Look at that sun, it's like a pad of
butter melting into mashed-potato
clouds.
Not really.
Look at those flowers: bright purple flames shooting out of that tree.
They don't look anything like flames. They look like goddamn flowers.
Explosions. Tiny purple explosions.
Flowers. They are bright purple, startling when you look up from gray cement and see them blooming out of dark green, but they are clearly not pyrotechnic in nature.
You're right, I'm tricking myself into believing my own bullshit again... thank God I have you.
You're not Holden Caulfield. You don't want to be him.
That's true as well. You are spot-on today. I should be happy that I am able to deceive myself enough to get by.
You deceive yourself more than enough to get by. You think you're obsessed with truth, just because it's on your mind a lot, but you're faking even that. Maybe you ARE Holden Caulfield.
It's interesting, though, about the flowers. They are just flowers, that's true, but people don't understand it if you just say it to them like that. They look up "flowers" and cross-reference it with "purple" and they see that the meaning is filed somewhere under "dull" and they're content to believe that you just made a coherent statement but they don't bother to really think about what you're talking about.
What the hell are you talking about?
I'm saying you have to fly in under the radar. You can't just describe something in plain, flat detail, that's not how people see the world. People contort what they see around their own beliefs, their own context, you know? And everything anyone says to them has to be contorted in the same way, according to the same code, or they either misunderstand or just don't get it. So you gotta speak their language. I don't mean language as in "English," I mean their emotional language. You have to say the flower is an explosion or somesuch because then they really think about it. Part of it is just shocking them, making them cautious. It's about grabbing the attention. Then when they really think about it they realize that the flowers-as-explosions idea really appeals to them, if they're on the same wavelength as you, and they really get it.
So it's about flying in under the radar and grabbing the attention...
Yeah, I'm not explaining it too well but give me a break, I'm freestylin'. So this is poetry I'm talking about. The only problem is, it's not platform-independent. If you say "I saw a purple flower" anybody who speaks English will have a basic, non-emotional understanding of what you're saying. But you gotta be careful with poetry. You have to make your words full and alive, the way people see the world, without committing too much to a particular viewpoint. For a long time I didn't understand poetry, but now I think I'm having kind of a revelation.
Have you ever considered that maybe you still don't understand poetry?
Of course. You're my subconscious or something, after all. Or maybe you're that Slim Jim I ate earlier.
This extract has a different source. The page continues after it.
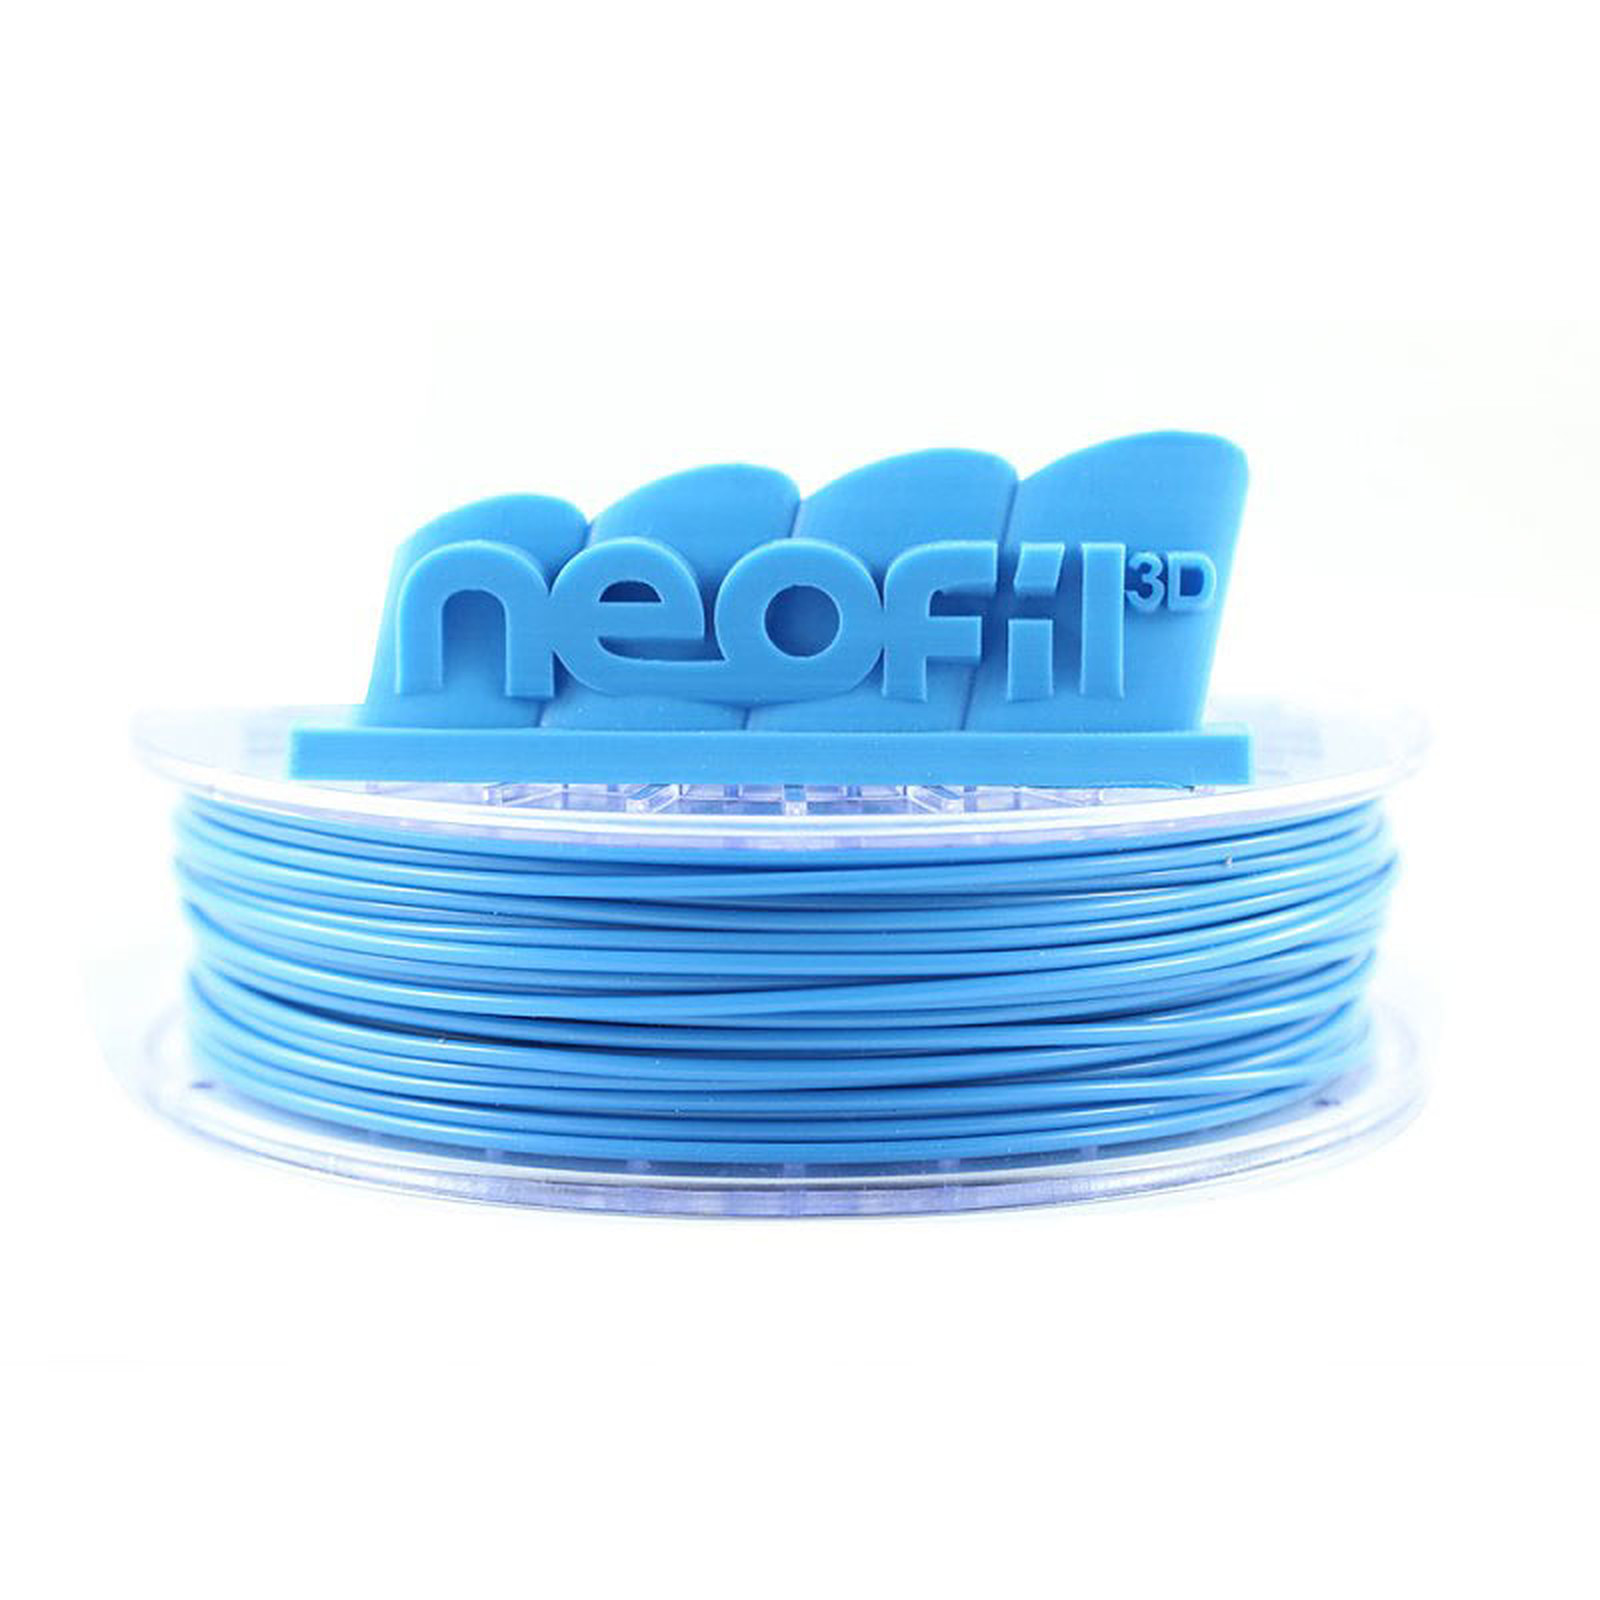 Neofil3D Bobine PLA 2.85mm 750g - Bleu Ciel - Filament 3D Neofil3D
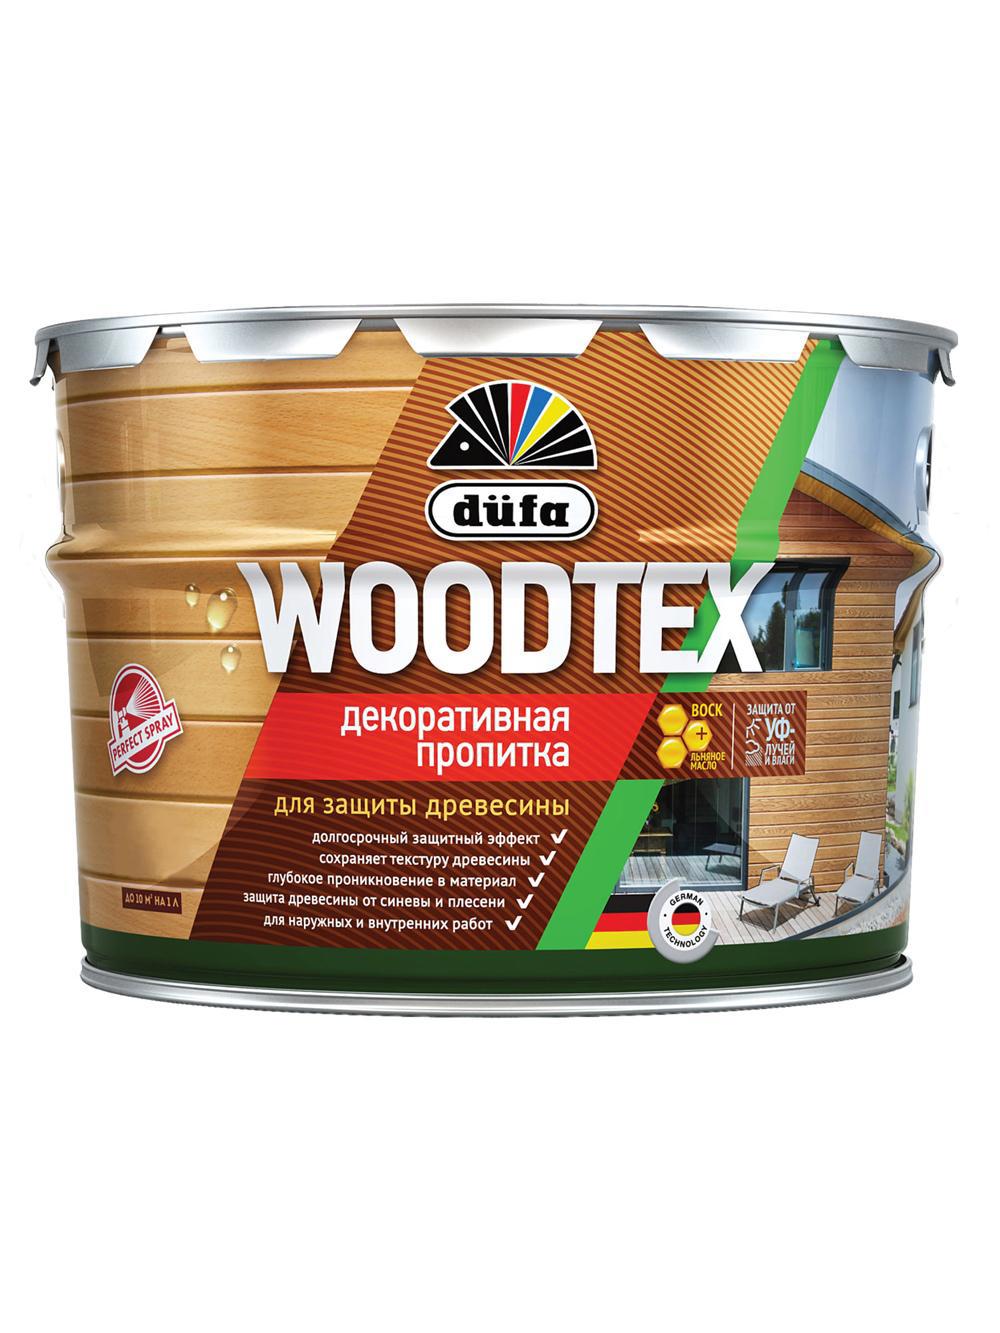 90194548 Пропитка декоративная для защиты древесины алкидная Woodtex орех 3 л STLM-0128480 DUFA

If I'm your subconscious, and I'm telling you that the flowers look nothing like fire or explosions, you should probably believe me, no? If that concept doesn't appeal to me, it clearly isn't part of your "emotional language" or whatever. You're just bullshitting again.
I never claimed to be a poet, but I can try... maybe those comparisons are unsuitable, but they were the best I could come up with.
You probably heard it somewhere and were just repeating it.
Maybe. Let's drop it, this endless introspection is exhausting. In fact, would you mind just going somewhere else for a while?
Eat me!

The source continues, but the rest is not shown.